Getting Started with pm: A Complete Workflow Example
Alon Alexander
2026-01-21
getting-started.RmdIntroduction
The pm package provides a structured approach to
managing research projects in R. This vignette demonstrates a complete
workflow:
- Creating and configuring a new project
- Creating and preprocessing data
- Saving intermediate results
- Loading data from another analysis
- Using the artifact discovery features
TL;DR
# Create a new project (one-time)
pm <- pm_create_project(project_dir)
# Load an existing project
pm <- pm_project(project_dir)
# Look at available inputs
inputs <- pm$parse_inputs()
# Create a new analysis
prep_analysis <- pm$create_analysis("data_preprocessing")

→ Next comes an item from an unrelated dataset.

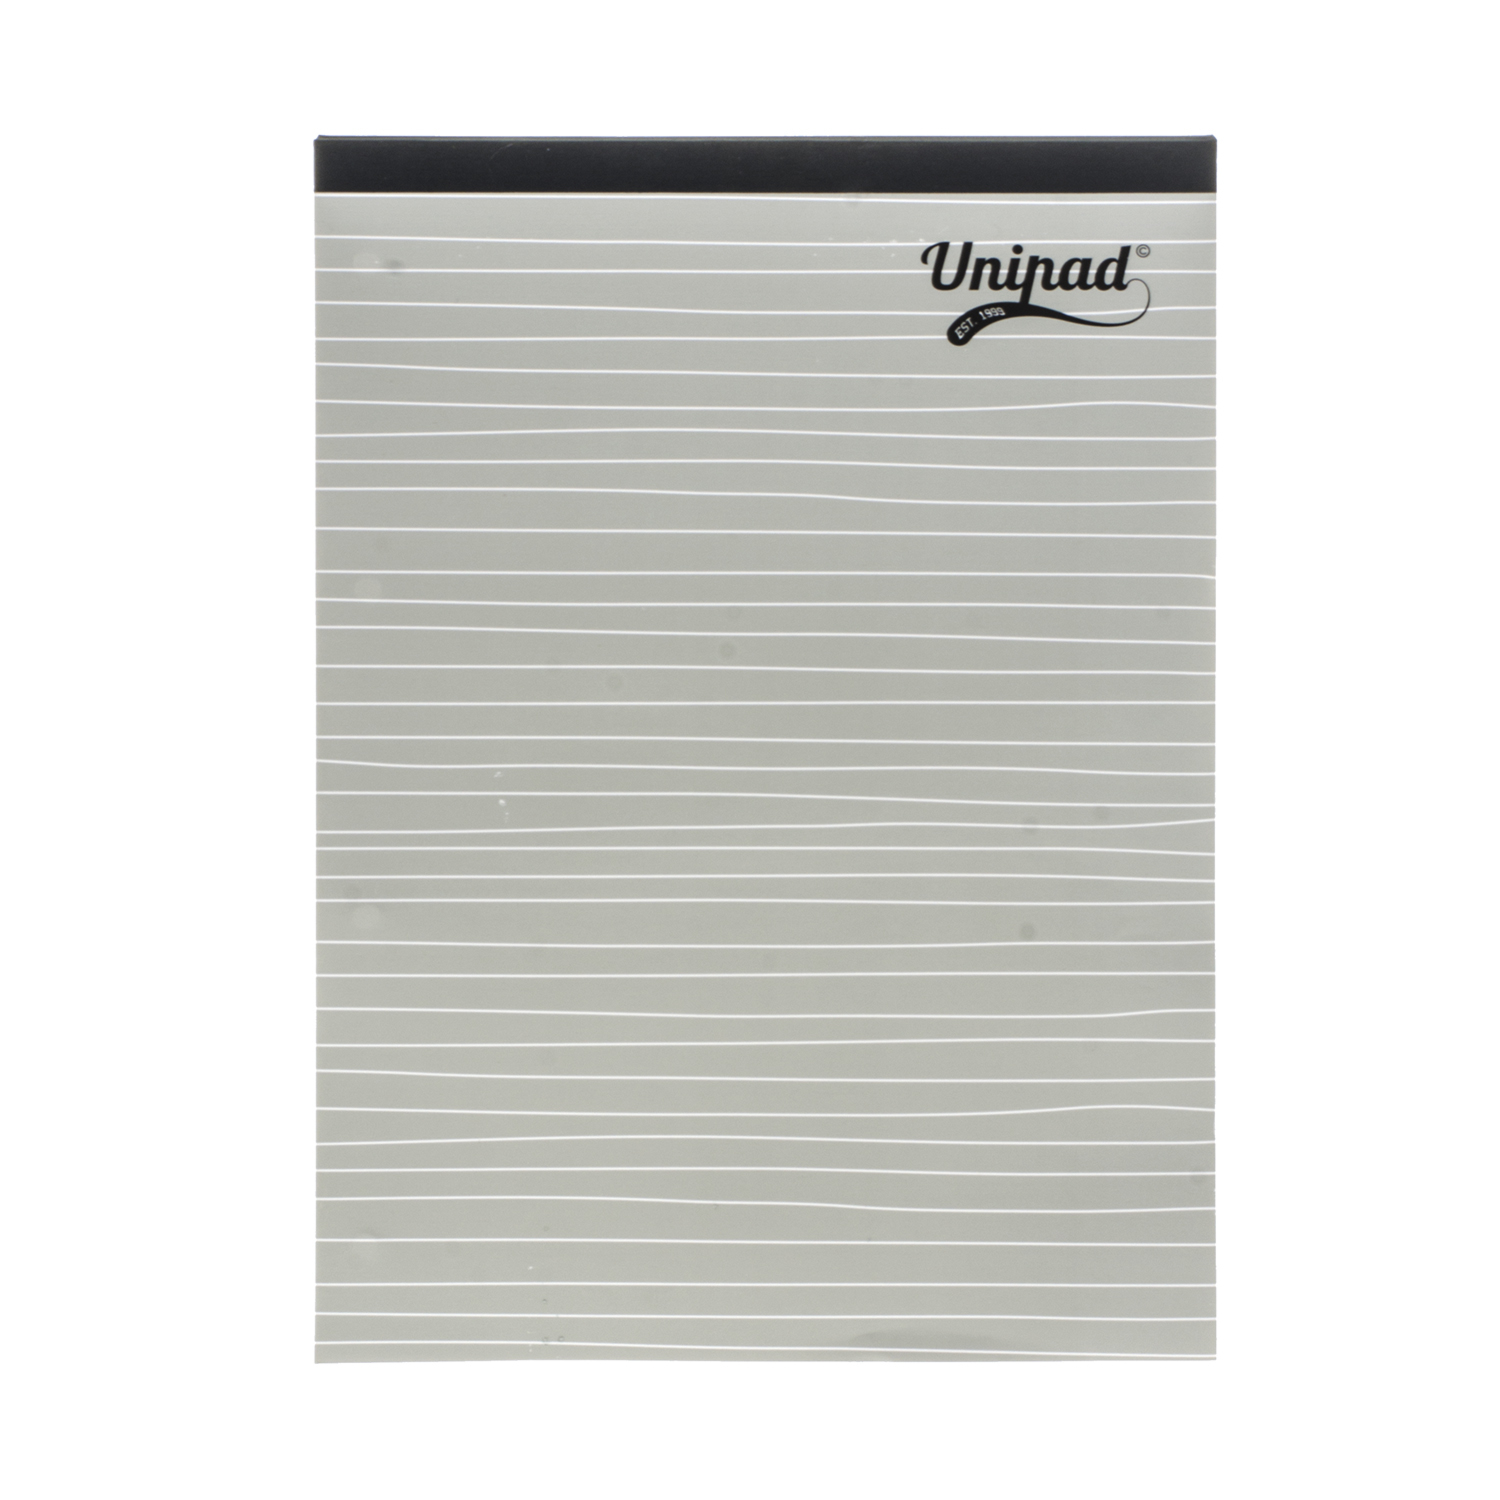 A4 Pukka Unipad Refill Pad Image 3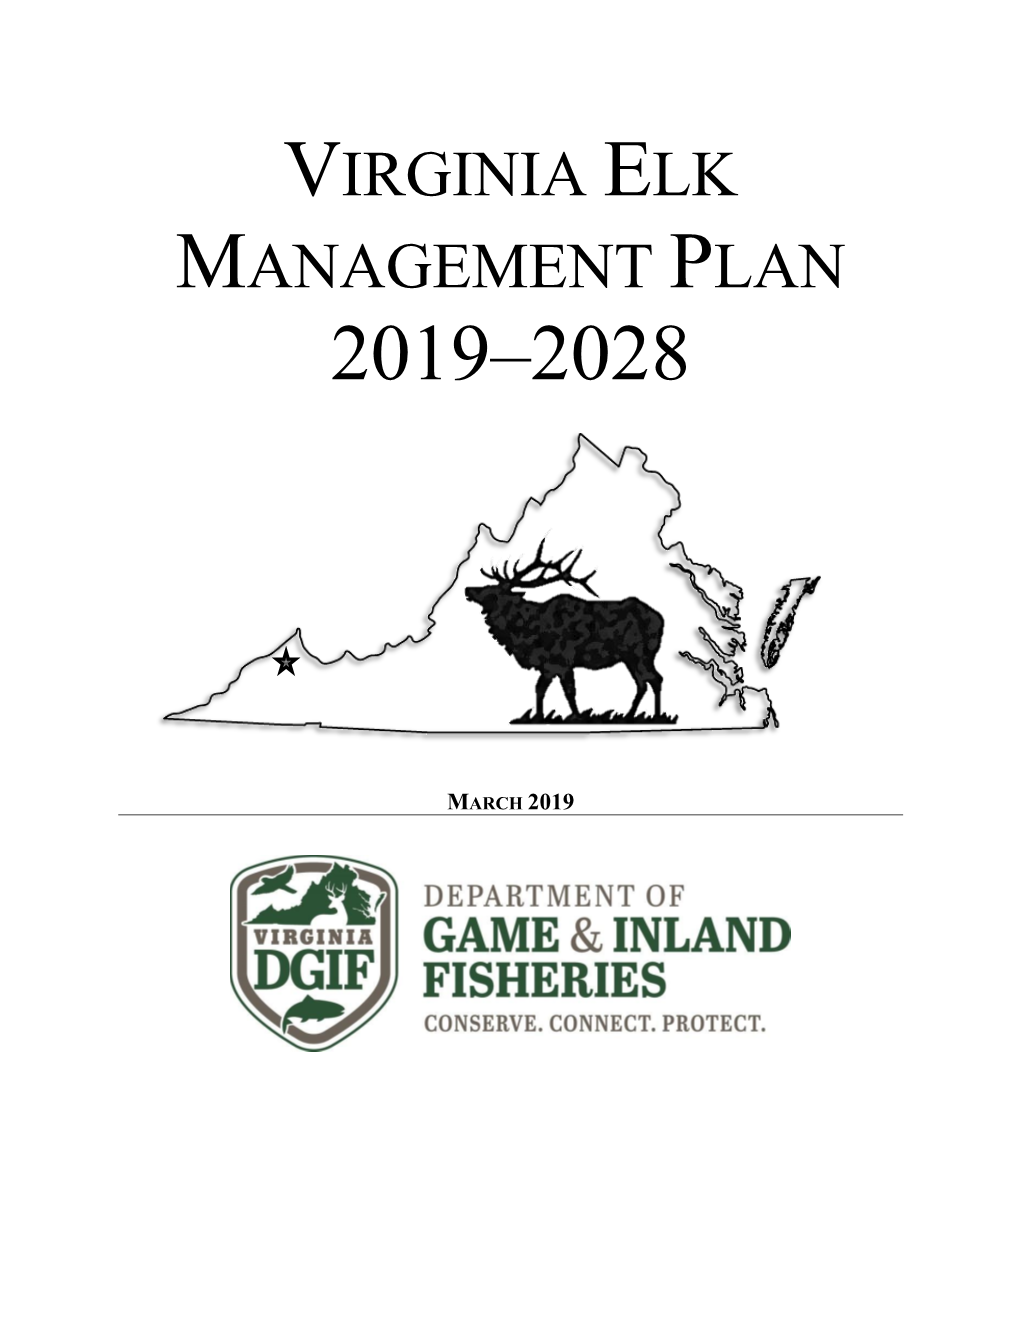 Read the Virginia Elk Management Plan

# Create analysis from path (for example in the analysis's code)
analysis <- pm::PMAnalysis$new(path = ".")
# Get output path for storing artifact
cleaned_data_path <- prep_analysis$get_output_path("cleaned_data", type = "table")
# Read/write data (generic for many file types)
cleaned_data_path$write(my_table)
read_table <- cleaned_data_path$read()
# Find artifact of other analysis
cleaned_artifact <- another_analysis$get_artifact(
"cleaned_data",
analysis_name = "data_preprocessing" # Can also pass NULL to search all analylses
)
# Get intermediate path for caching (local to an analysis)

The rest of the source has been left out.